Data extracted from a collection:
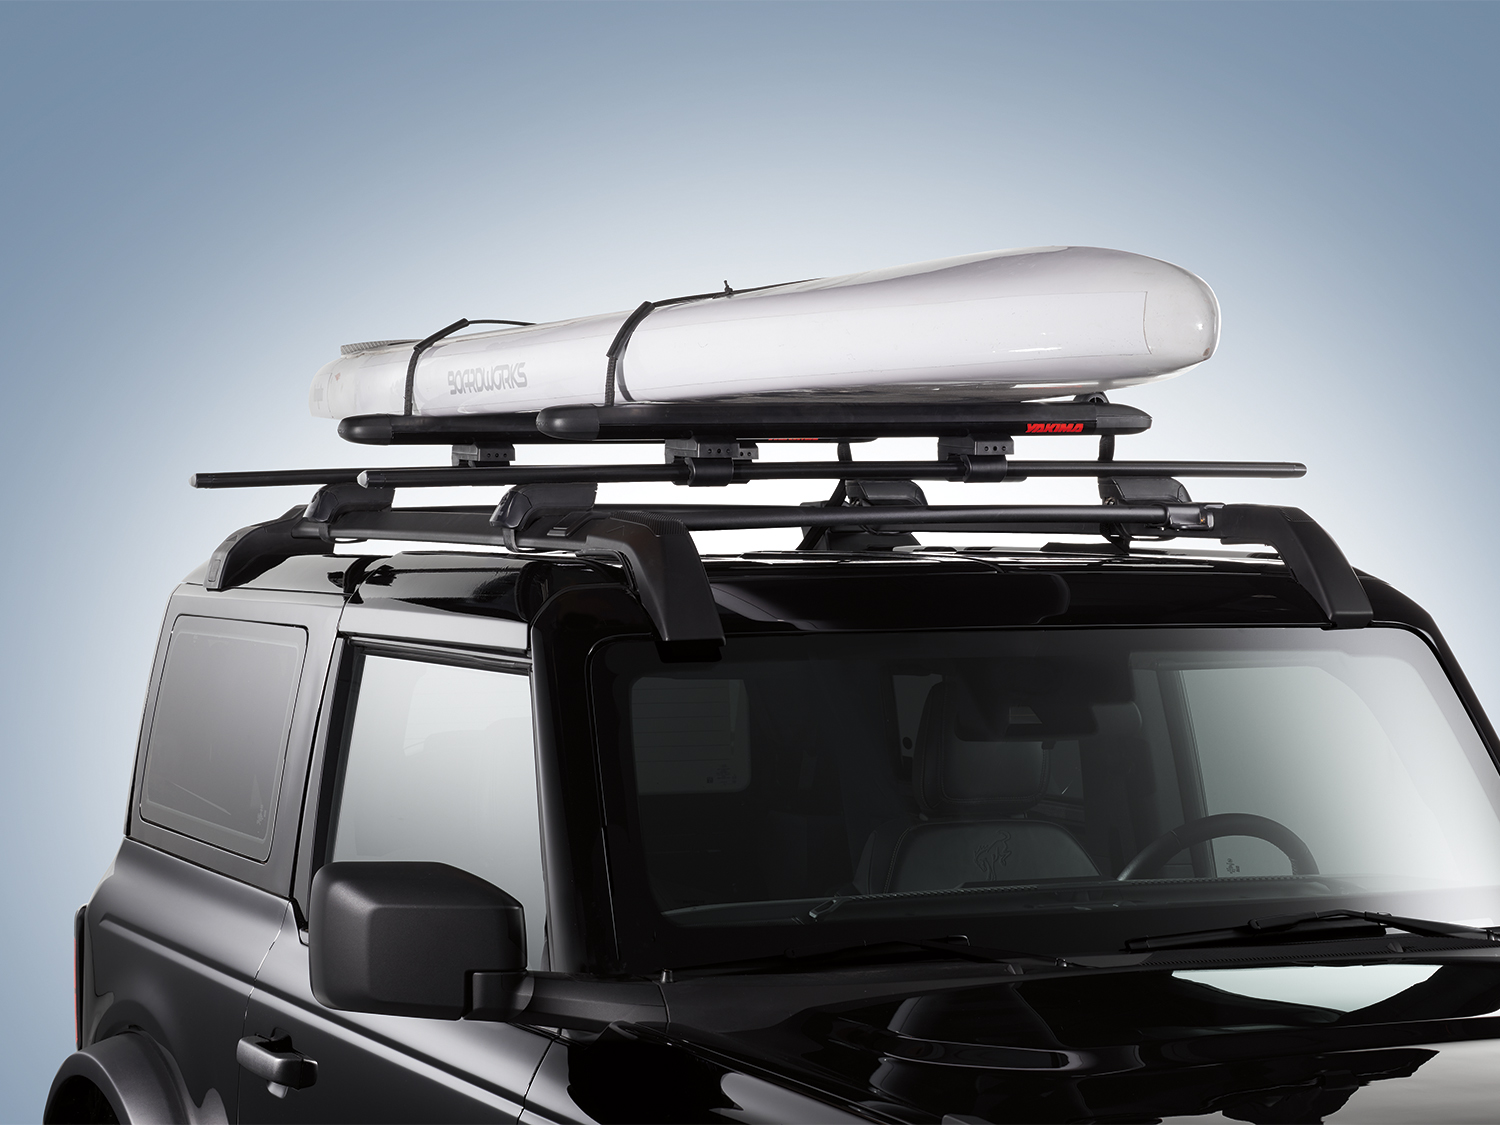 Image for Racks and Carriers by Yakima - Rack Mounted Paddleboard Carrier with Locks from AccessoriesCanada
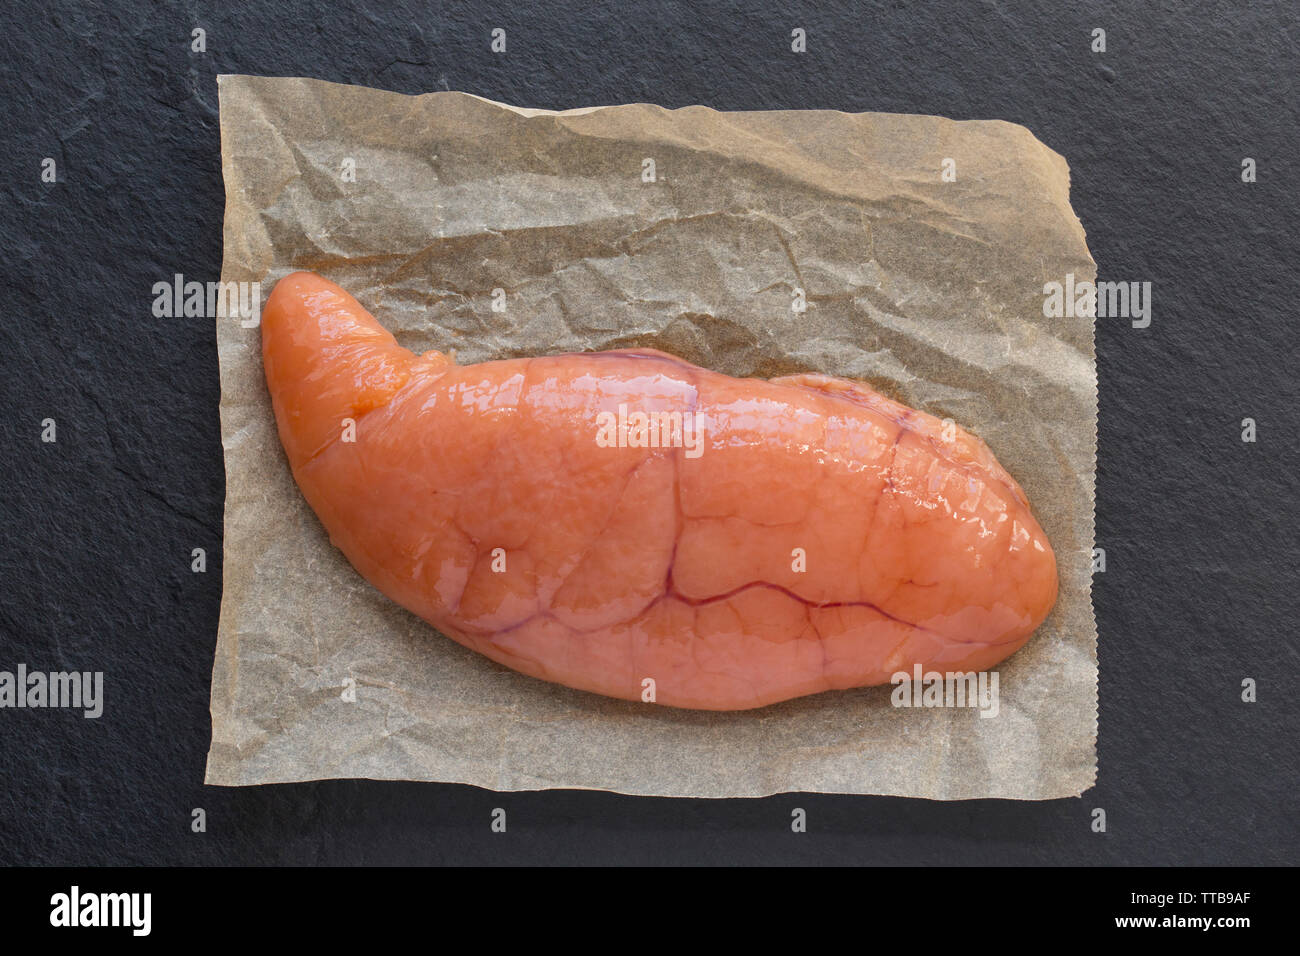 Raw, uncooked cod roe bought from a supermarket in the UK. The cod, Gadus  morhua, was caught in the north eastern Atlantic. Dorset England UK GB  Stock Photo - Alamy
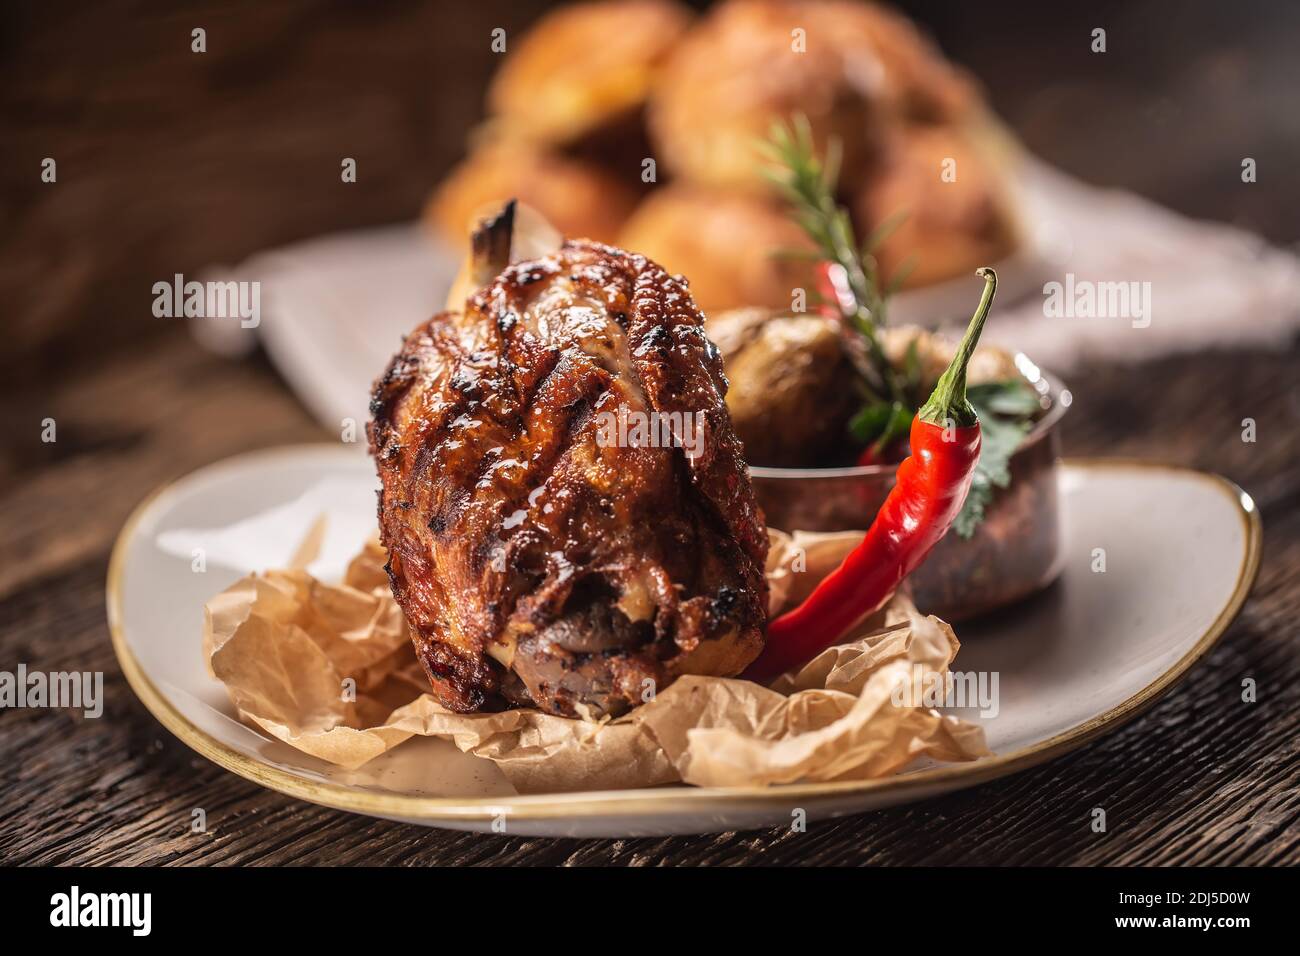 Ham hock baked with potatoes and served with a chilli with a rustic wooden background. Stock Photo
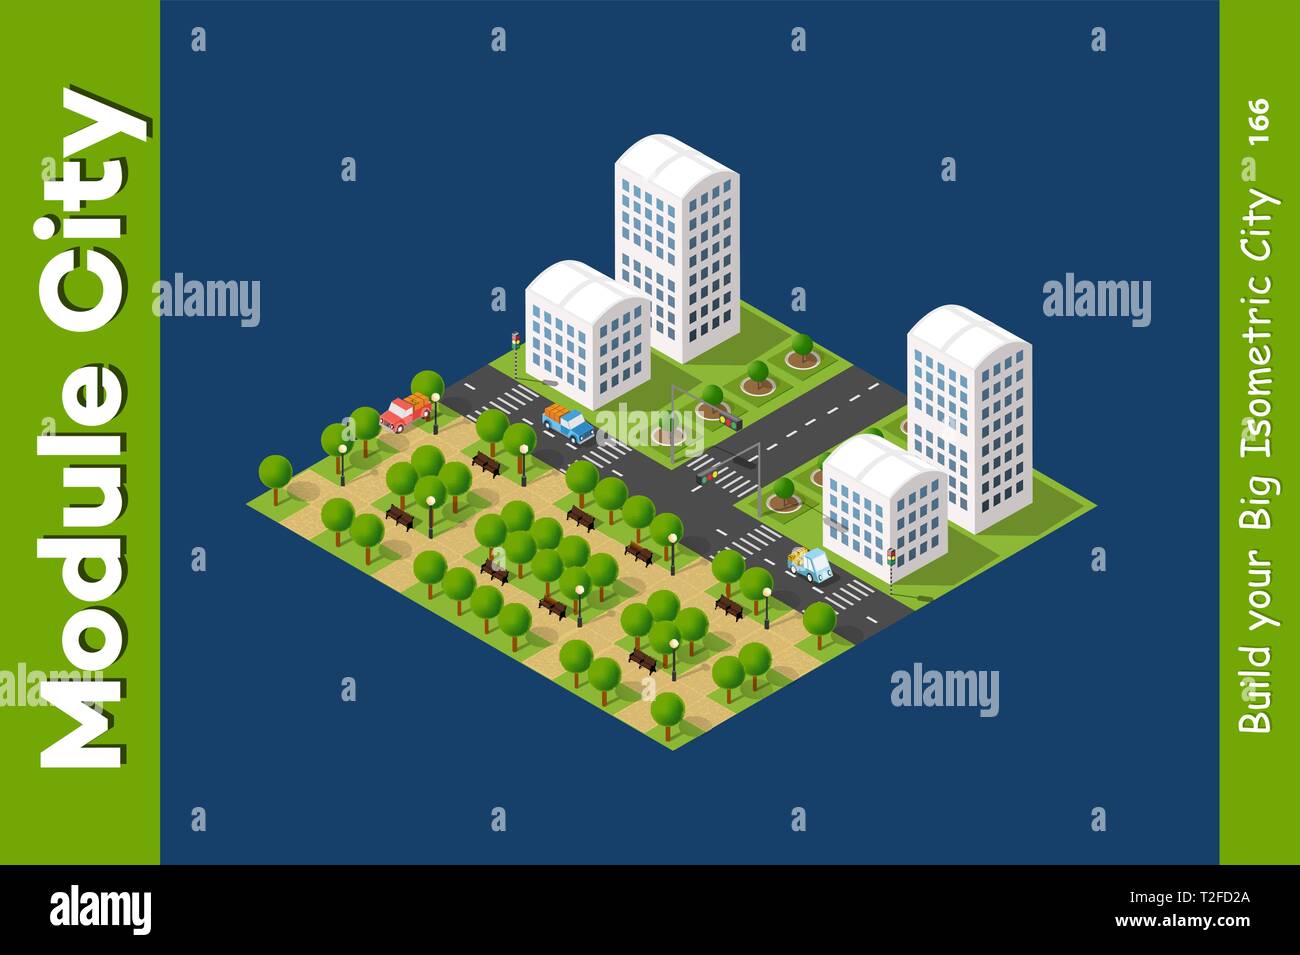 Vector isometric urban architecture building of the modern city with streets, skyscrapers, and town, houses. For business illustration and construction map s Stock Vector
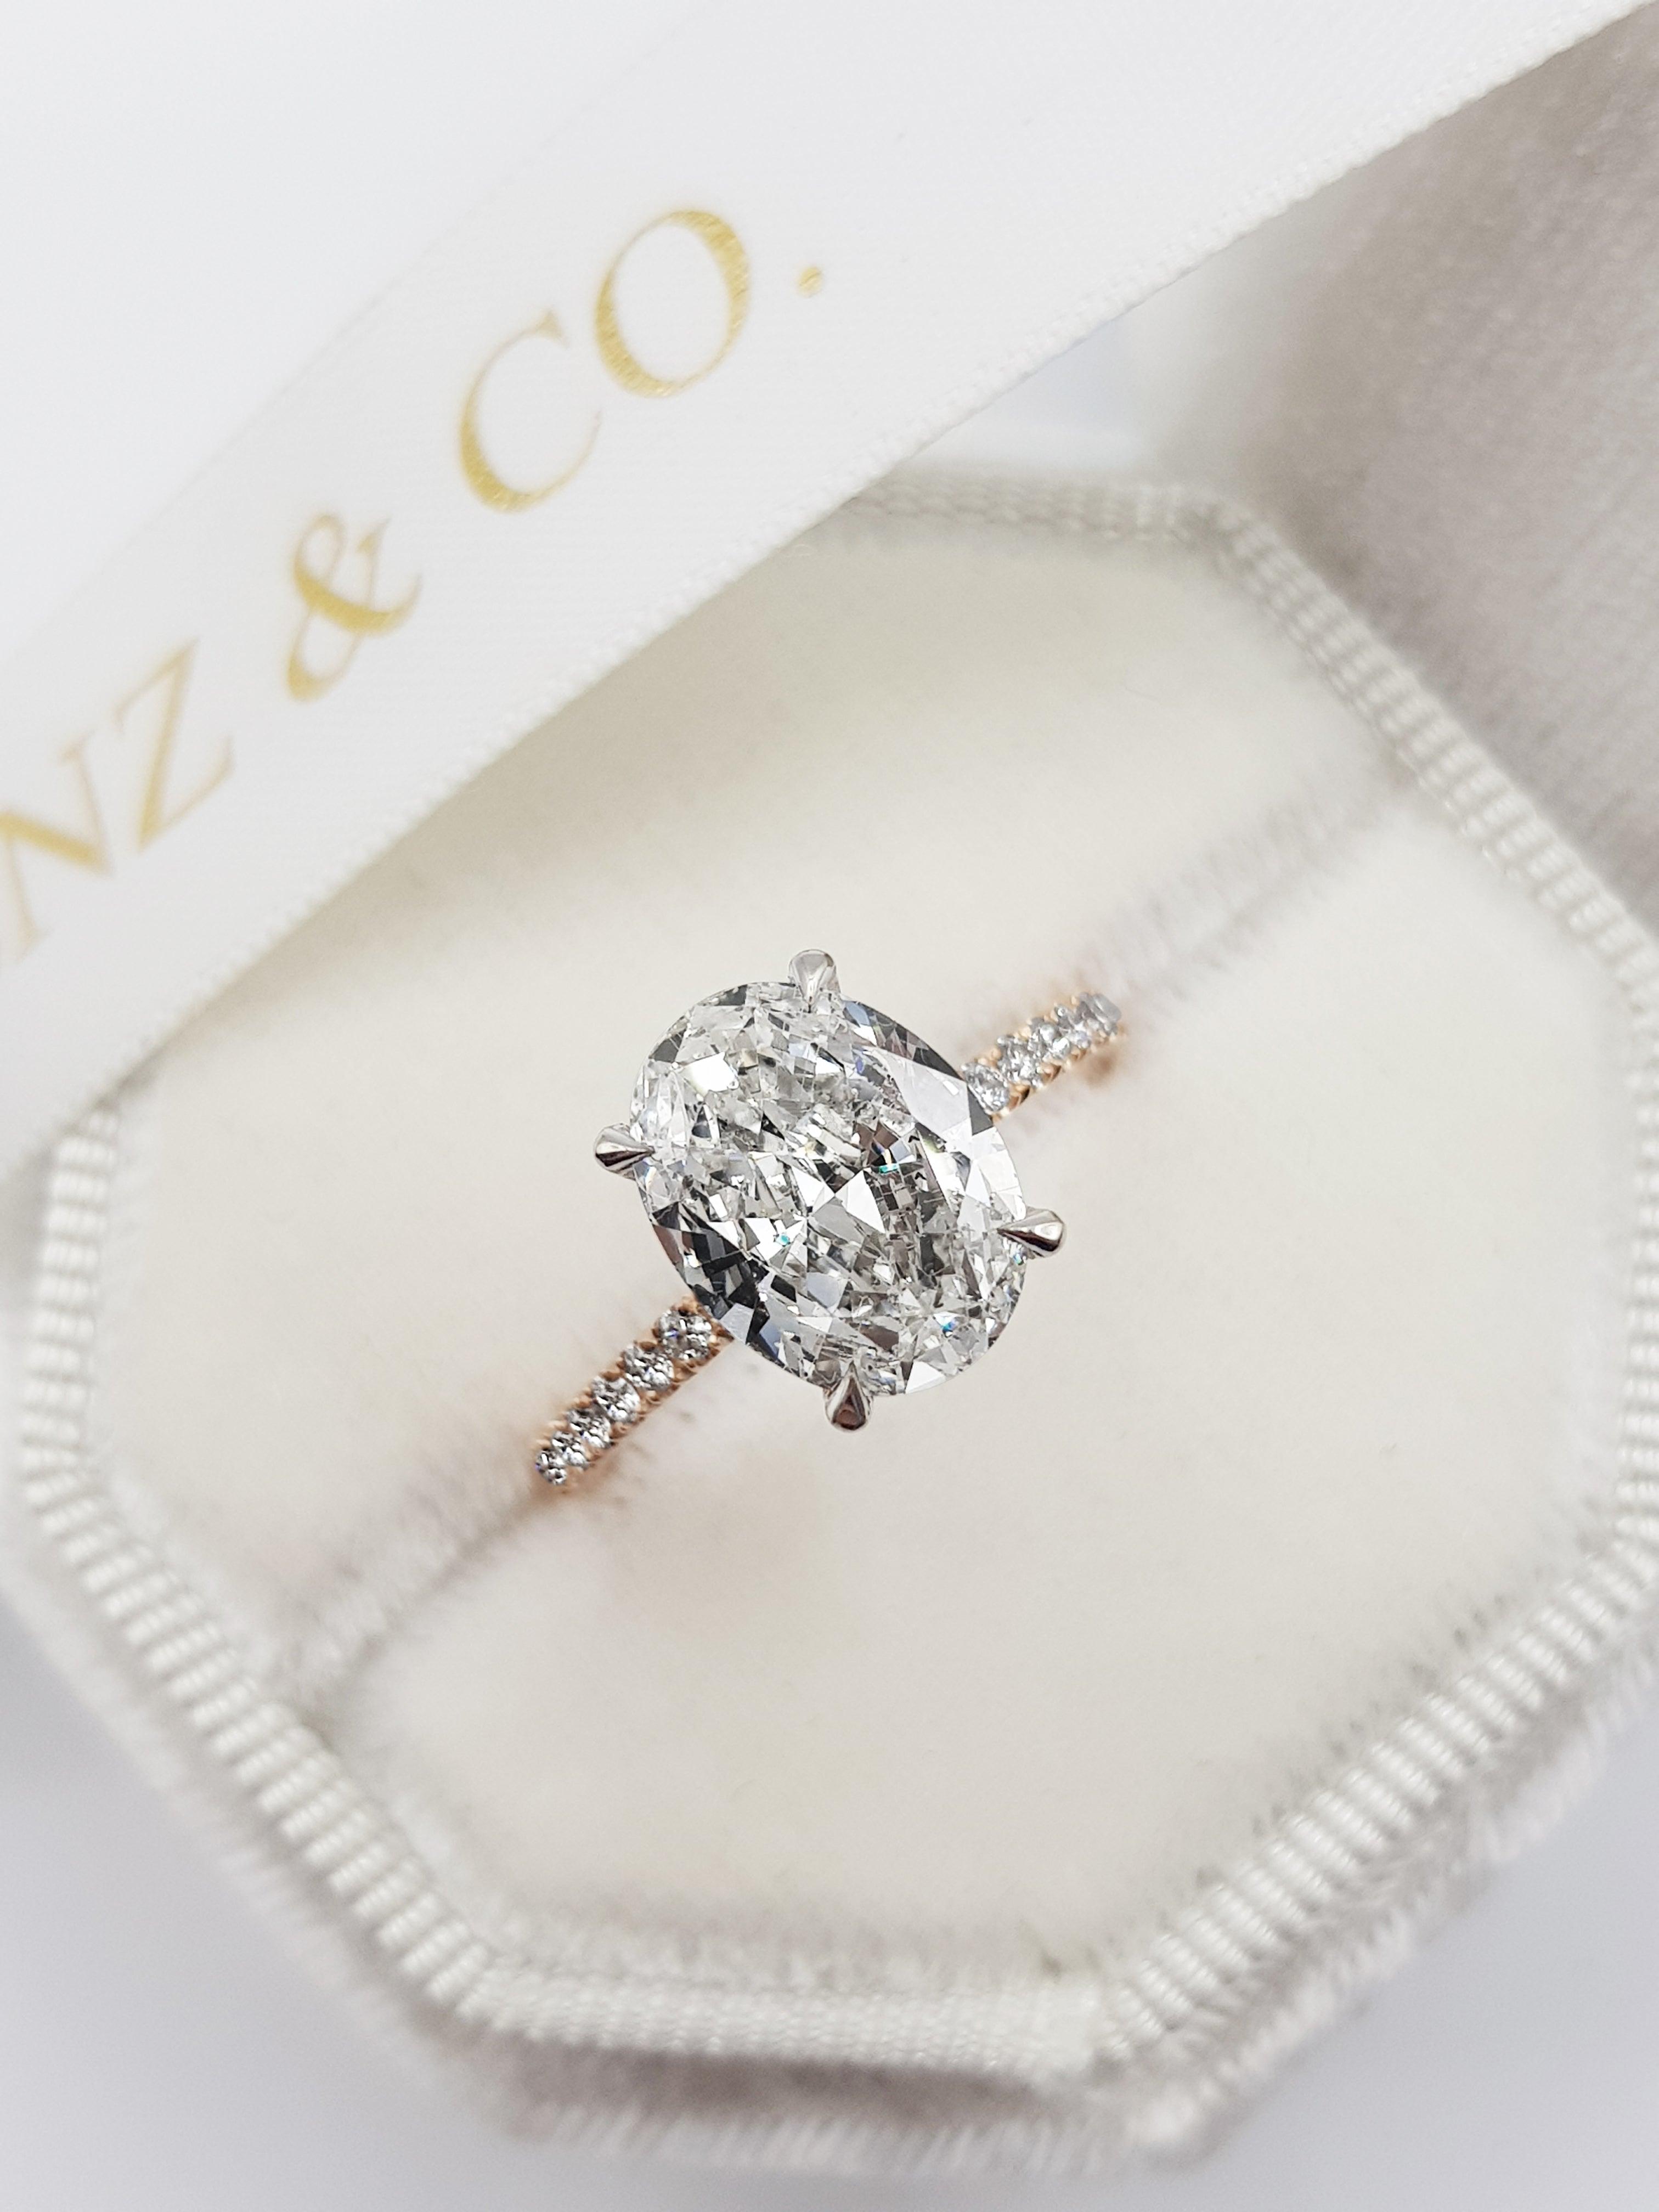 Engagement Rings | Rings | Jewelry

▸ **About this exercise**: Print all of the records shown above exactly, leaving out each picture.

▸ **Response area**:
 Image for Racks and Carriers by Yakima - Rack Mounted Paddleboard Carrier with Locks from AccessoriesCanada
 Raw, uncooked cod roe bought from a supermarket in the UK. The cod, Gadus  morhua, was caught in the north eastern Atlantic. Dorset England UK GB  Stock Photo - Alamy
 Ham hock baked with potatoes and served with a chilli with a rustic wooden background. Stock Photo
 Vector isometric urban architecture building of the modern city with streets, skyscrapers, and town, houses. For business illustration and construction map s Stock Vector
 Engagement Rings | Rings | Jewelry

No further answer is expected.